Output all of the lines below exactly, and leave out each image.

Supplied data →

----------

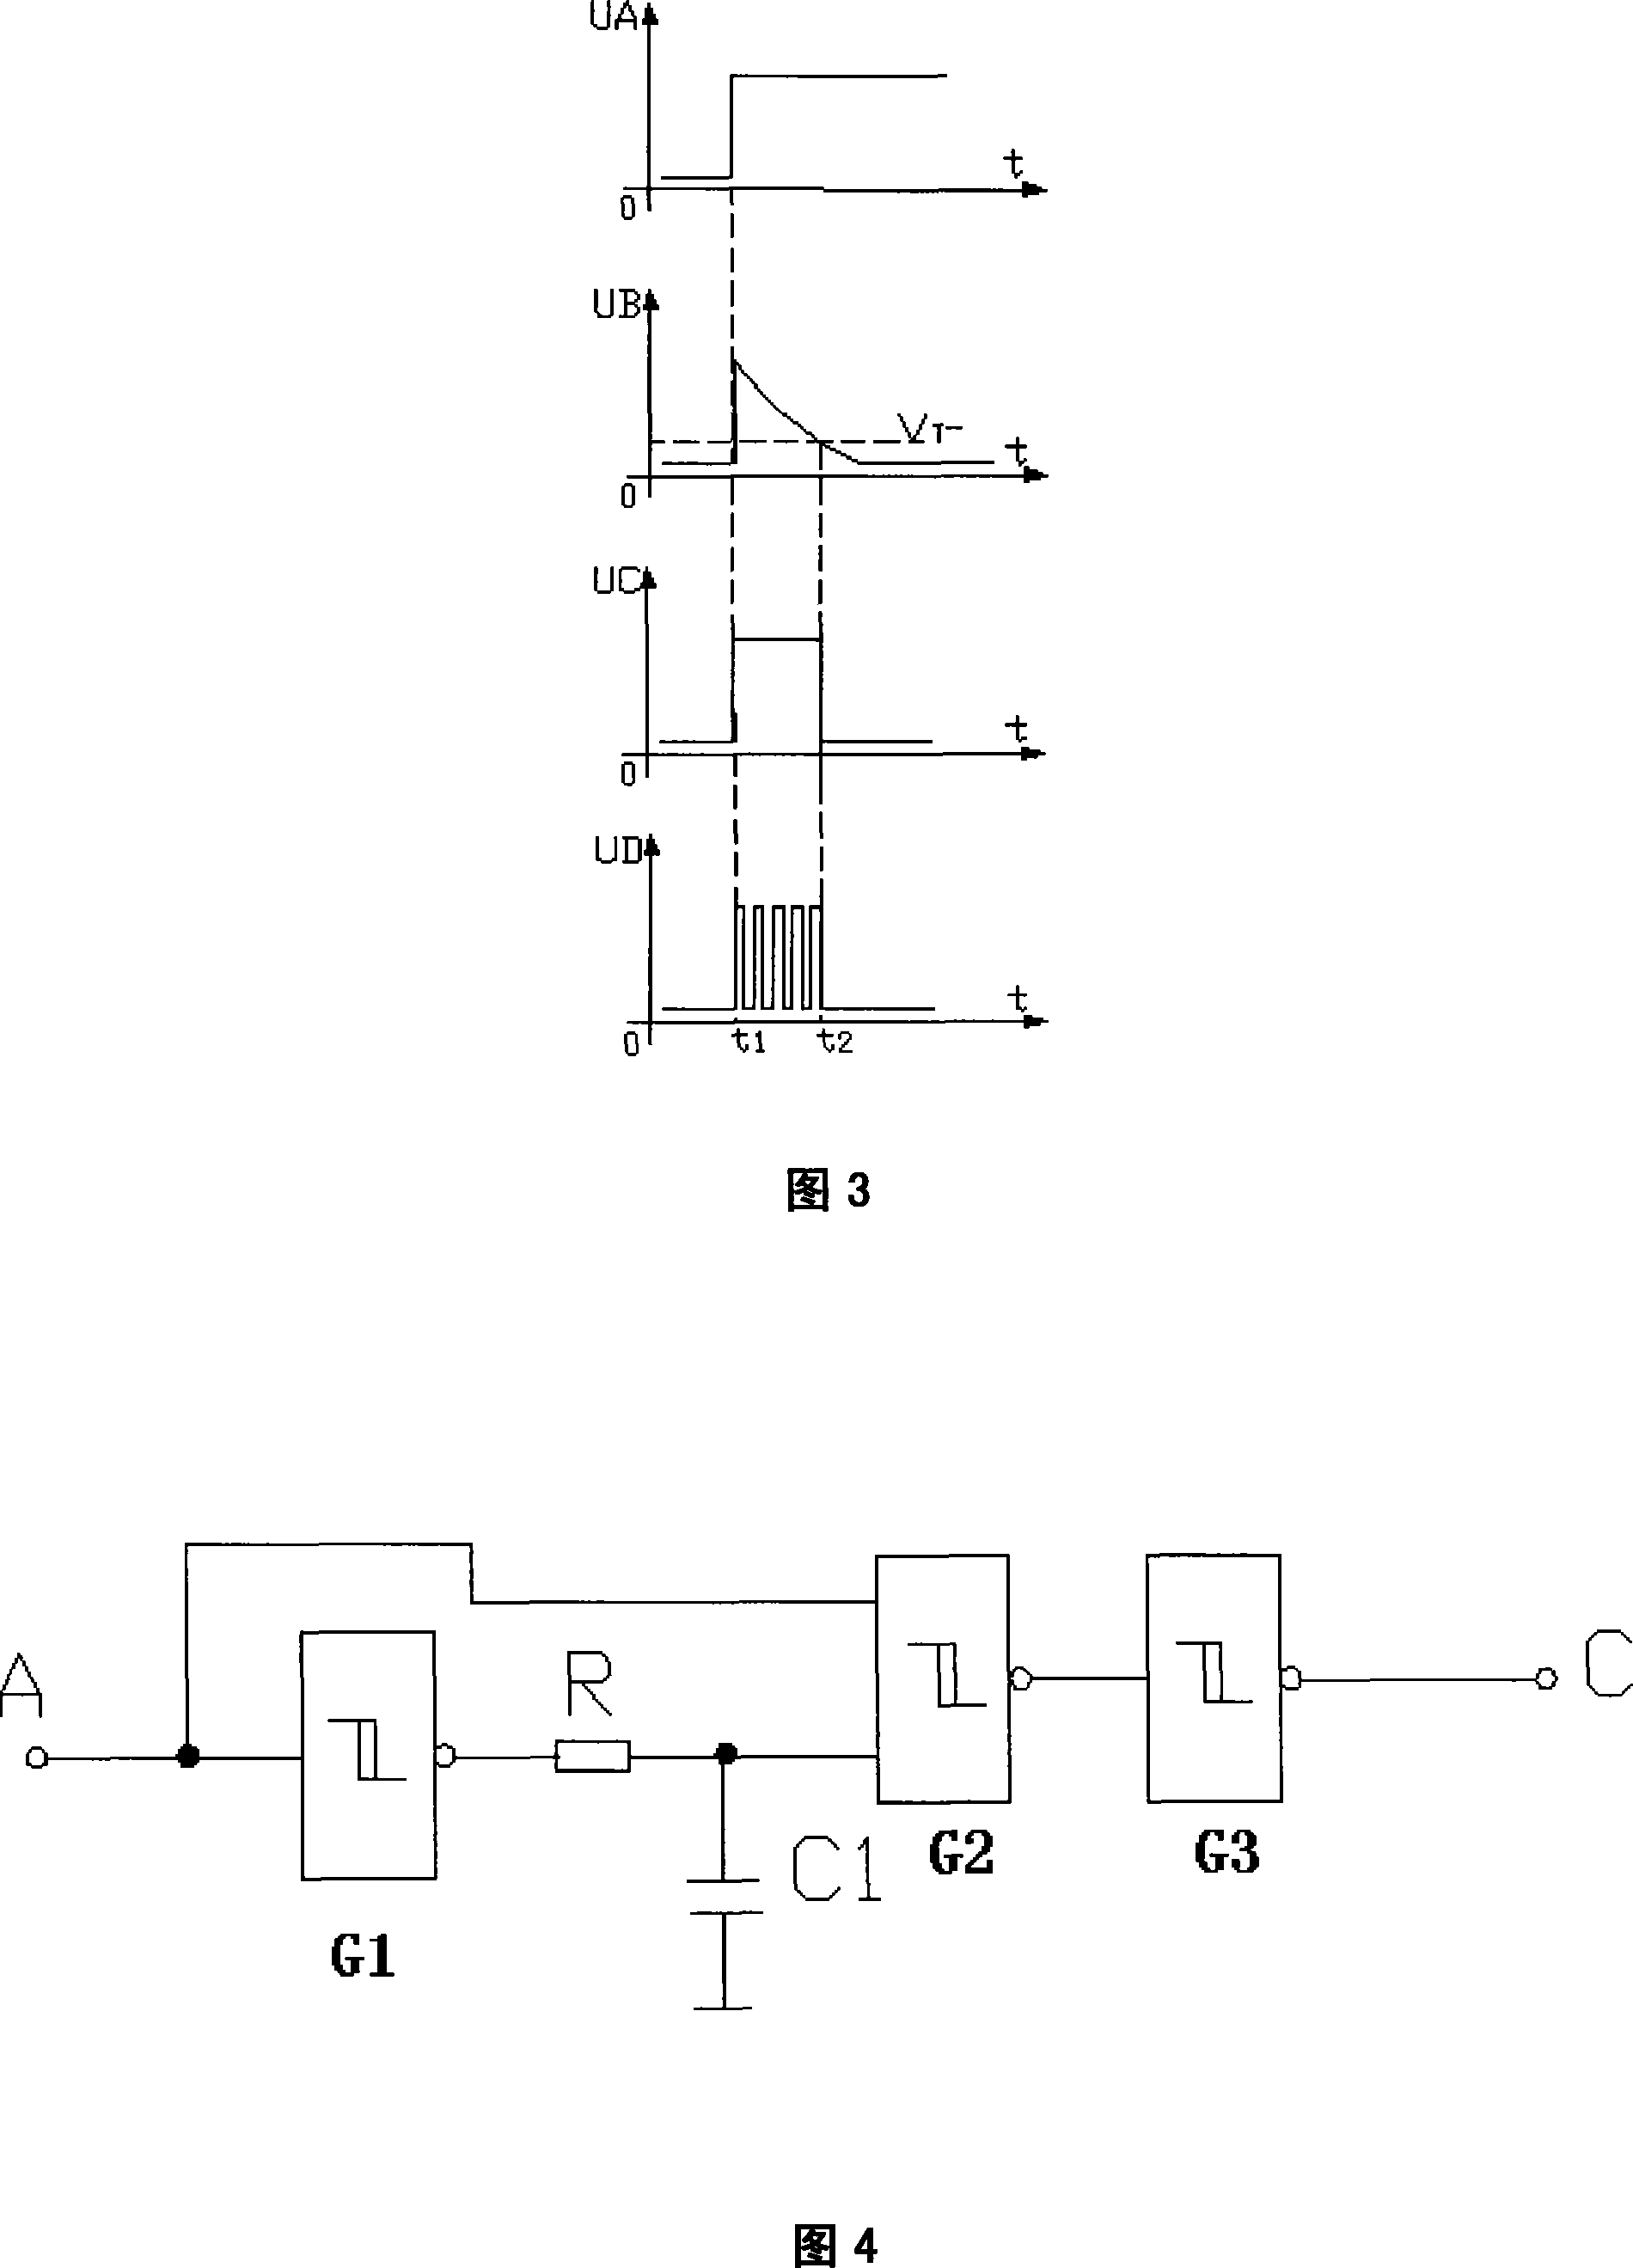 A controllable silicon compound switch with protection device
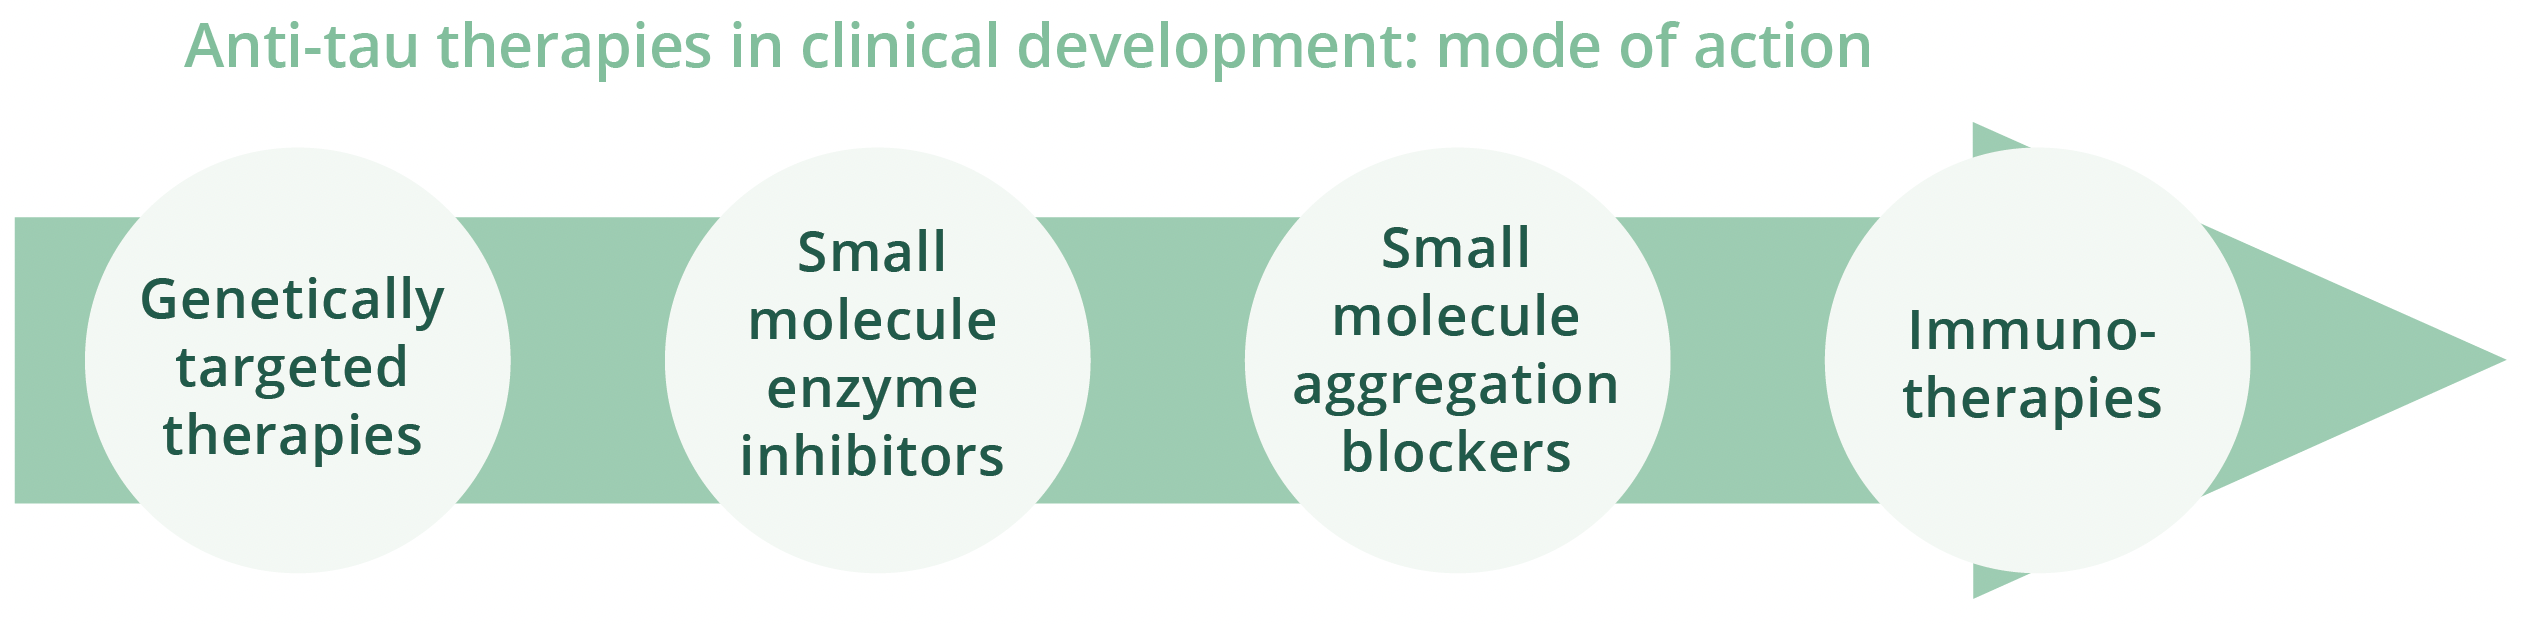 Anti-tau therapies in clinical development include genetically targeted therapies, small molecule enzyme inhibitors, small molecule aggregation blockers, small molecule enhancers and immunotherapies
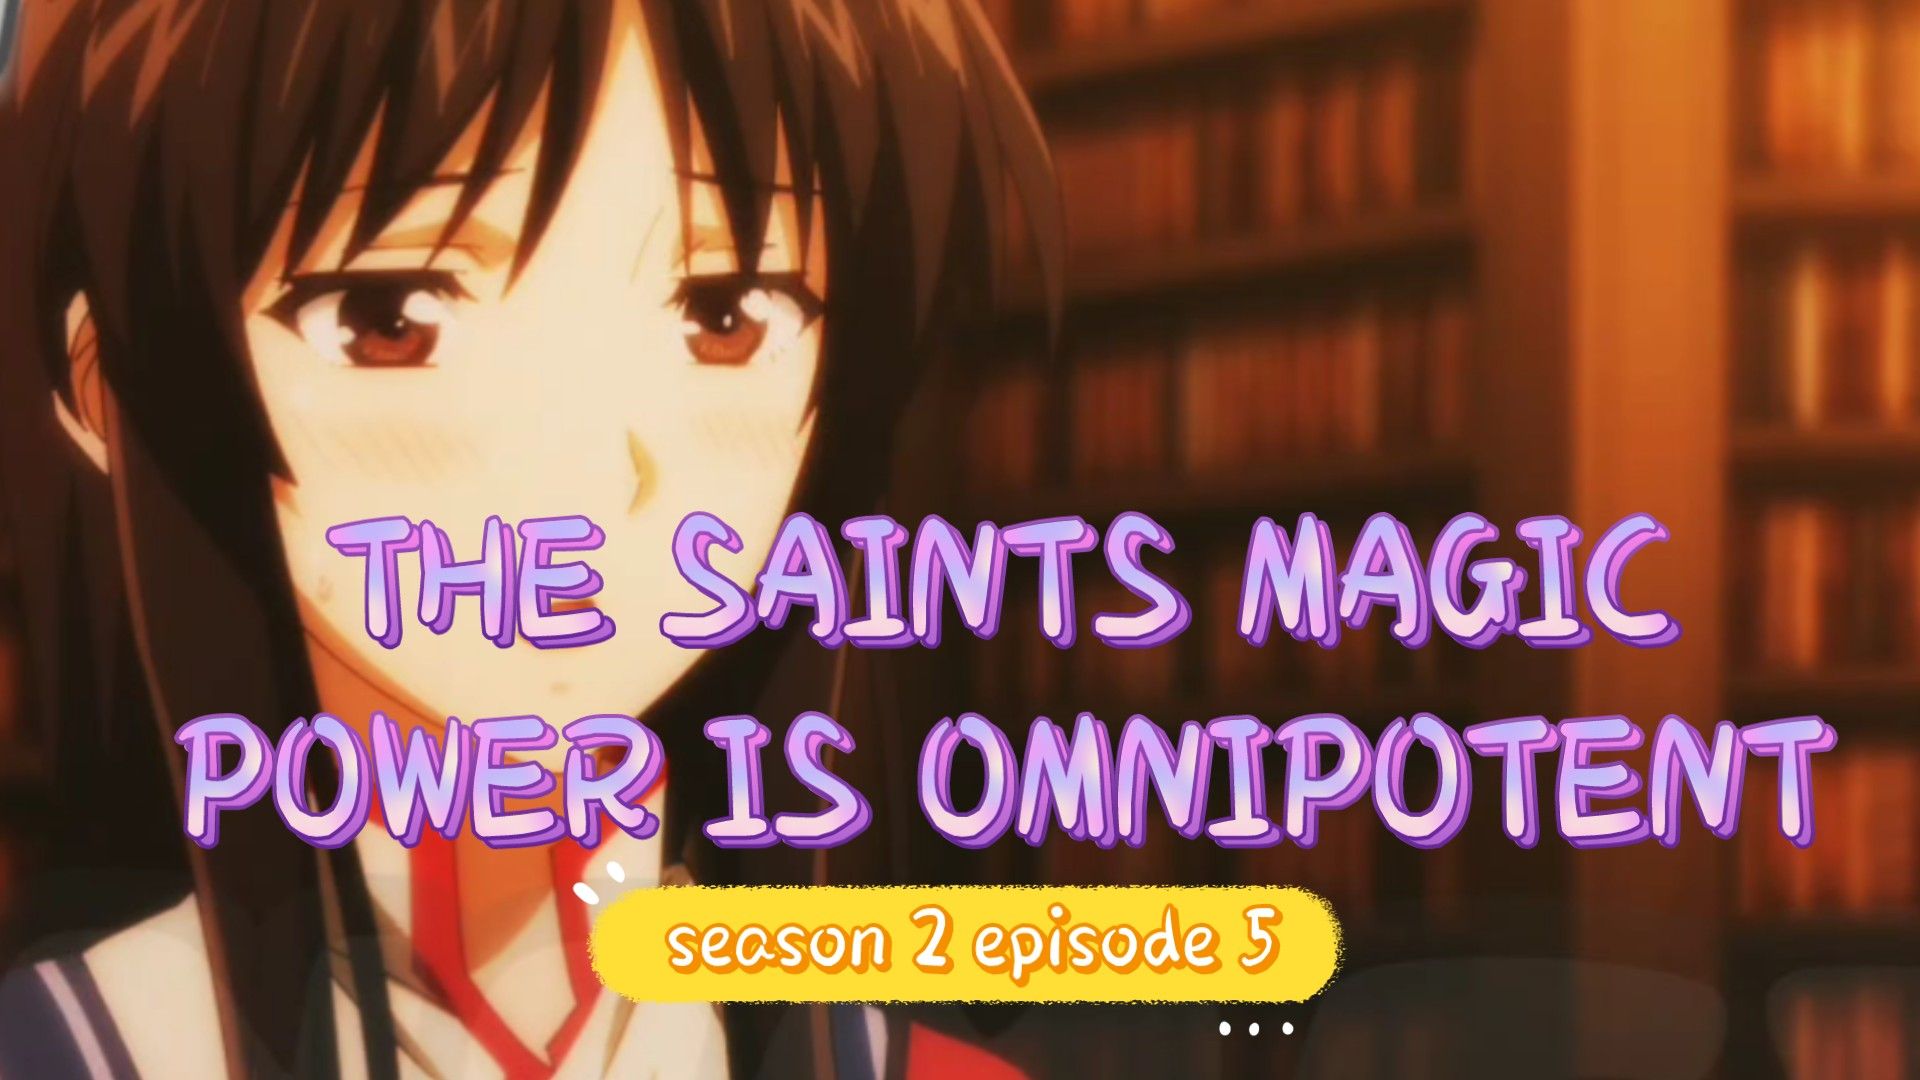 The Saint's Magic Power is Omnipotent Season 2 EP07 (Link in the

----------

Exercise output →
 A controllable silicon compound switch with protection device
 Anti-tau therapies in clinical development include genetically targeted therapies, small molecule enzyme inhibitors, small molecule aggregation blockers, small molecule enhancers and immunotherapies
 The Saint's Magic Power is Omnipotent Season 2 EP07 (Link in the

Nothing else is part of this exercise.